**GIVEN DATA**
════════════════════
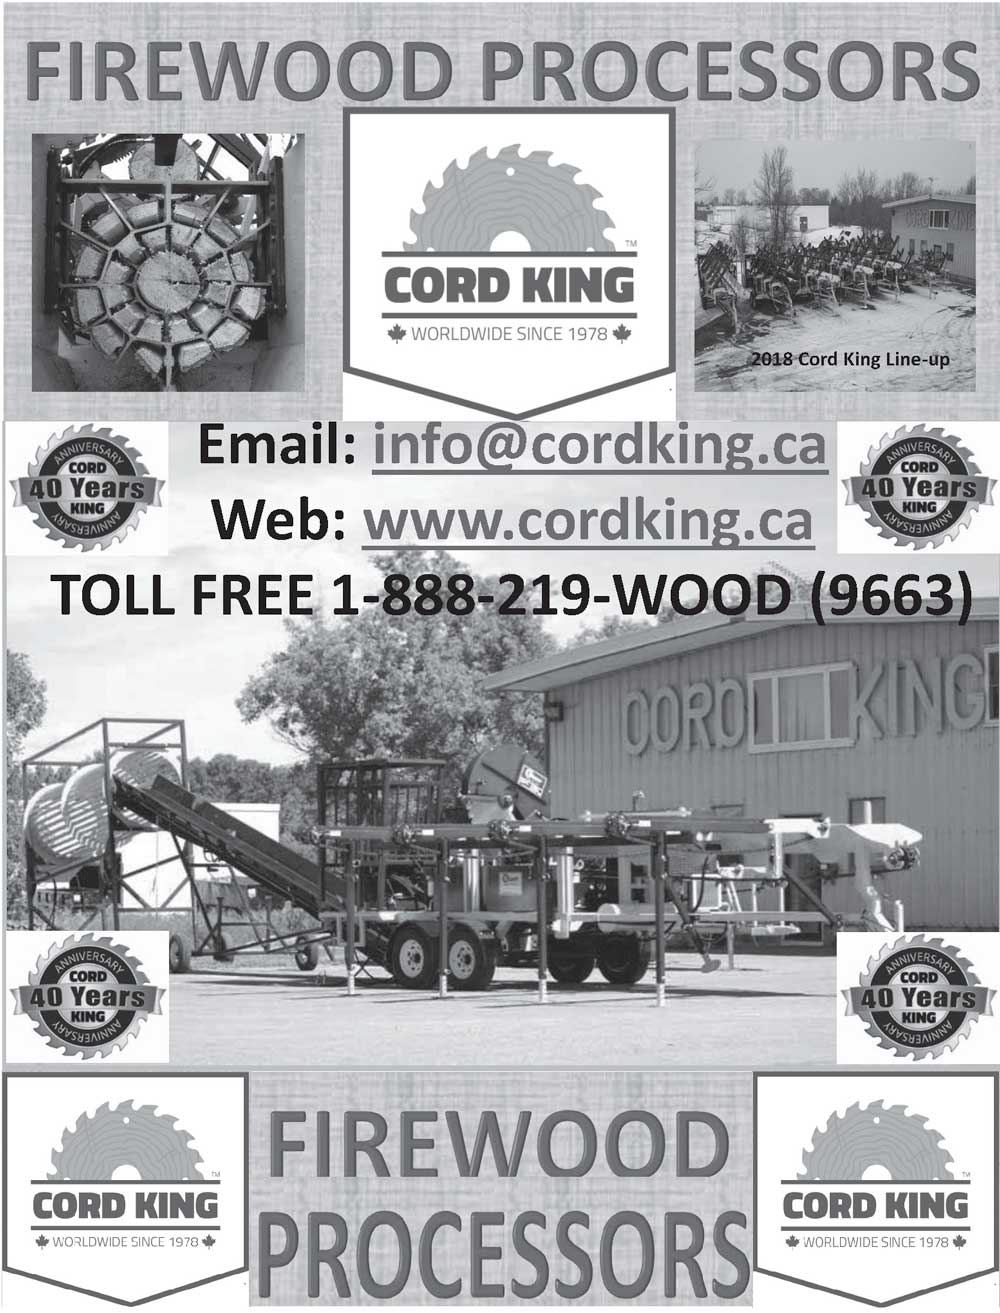 CORD KING Firewood Processors
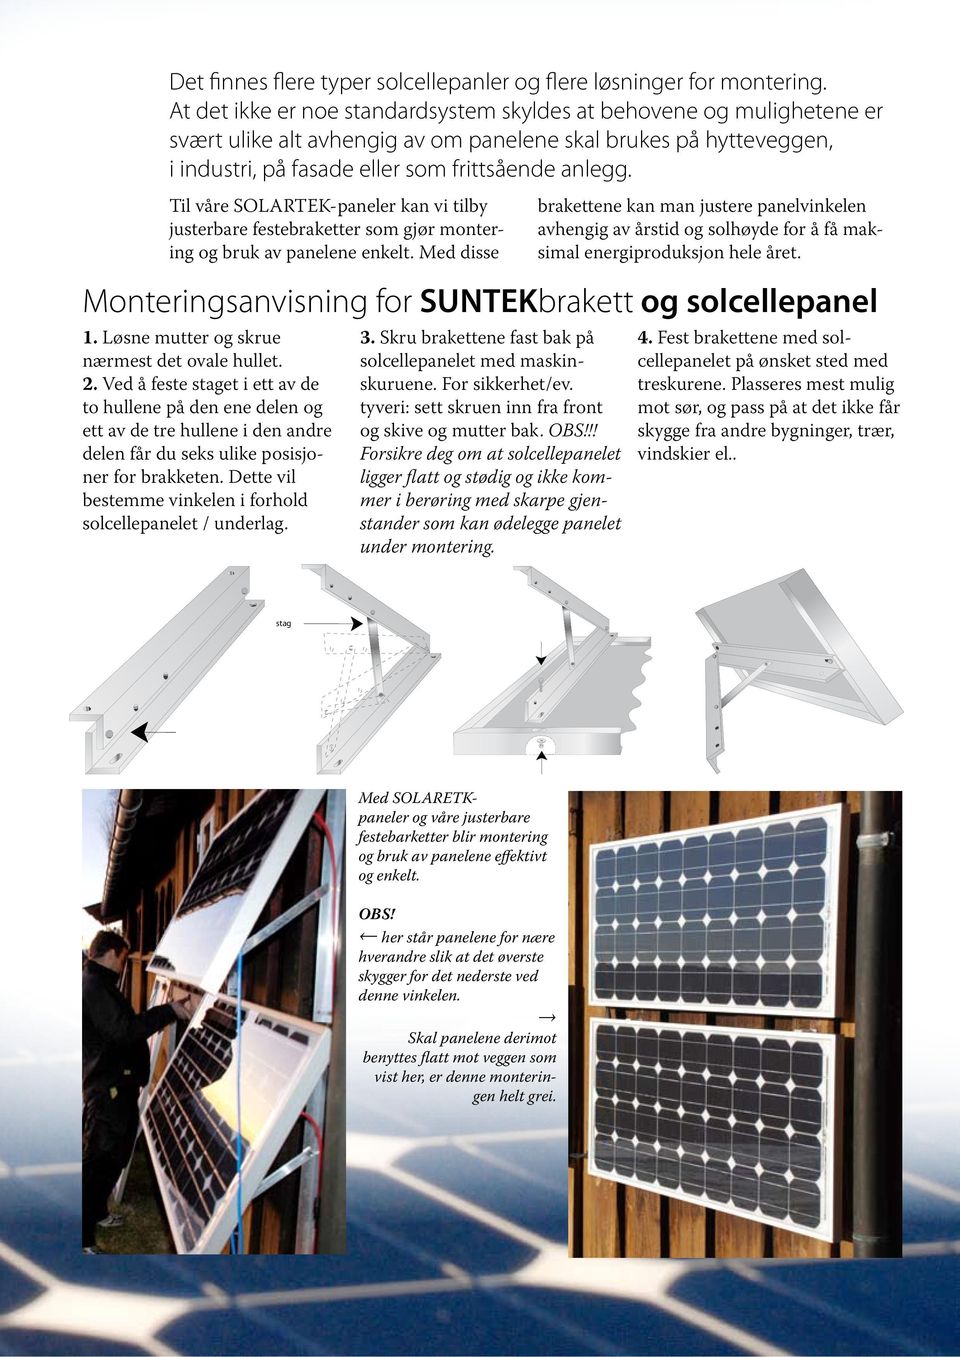 Til våre SOLARTEK-paneler kan vi tilby justerbare festebraketter som gjør montering og bruk av panelene enkelt.
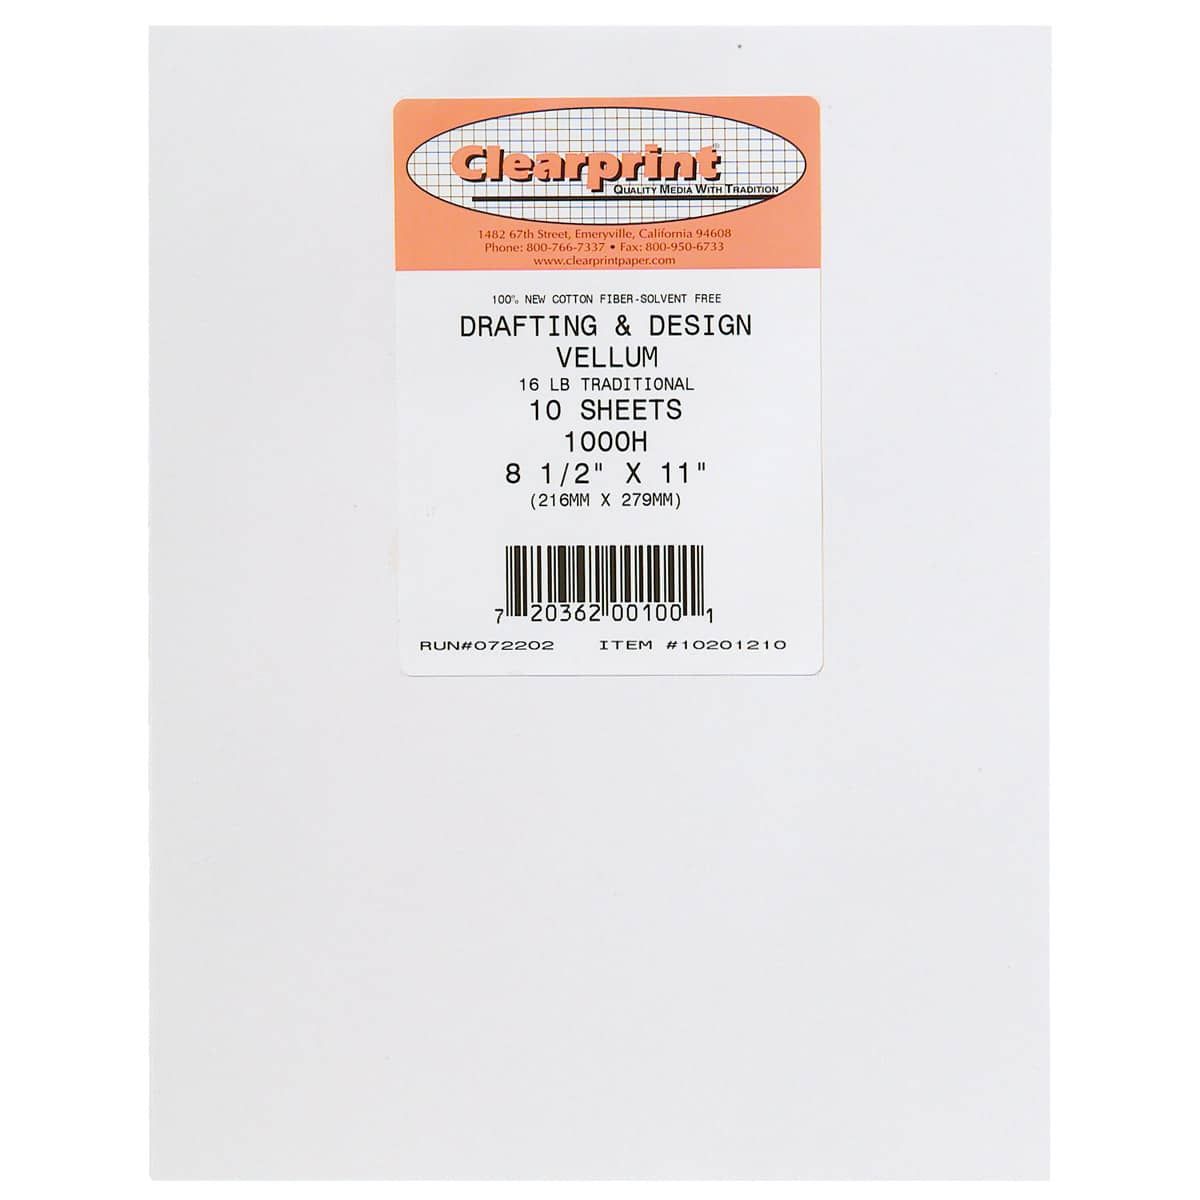 Clearprint 1000H Vellum 10 Sheet Pack Plain 8-1/2
════════════════════
**WHAT TO WORK ON**
A word-for-word copy of the listing is needed. It must not include the pictures.

**COMPLETED TASK**
 CORD KING Firewood Processors
 Til våre SOLARTEK-paneler kan vi tilby justerbare festebraketter som gjør montering og bruk av panelene enkelt.
 Clearprint 1000H Vellum 10 Sheet Pack Plain 8-1/2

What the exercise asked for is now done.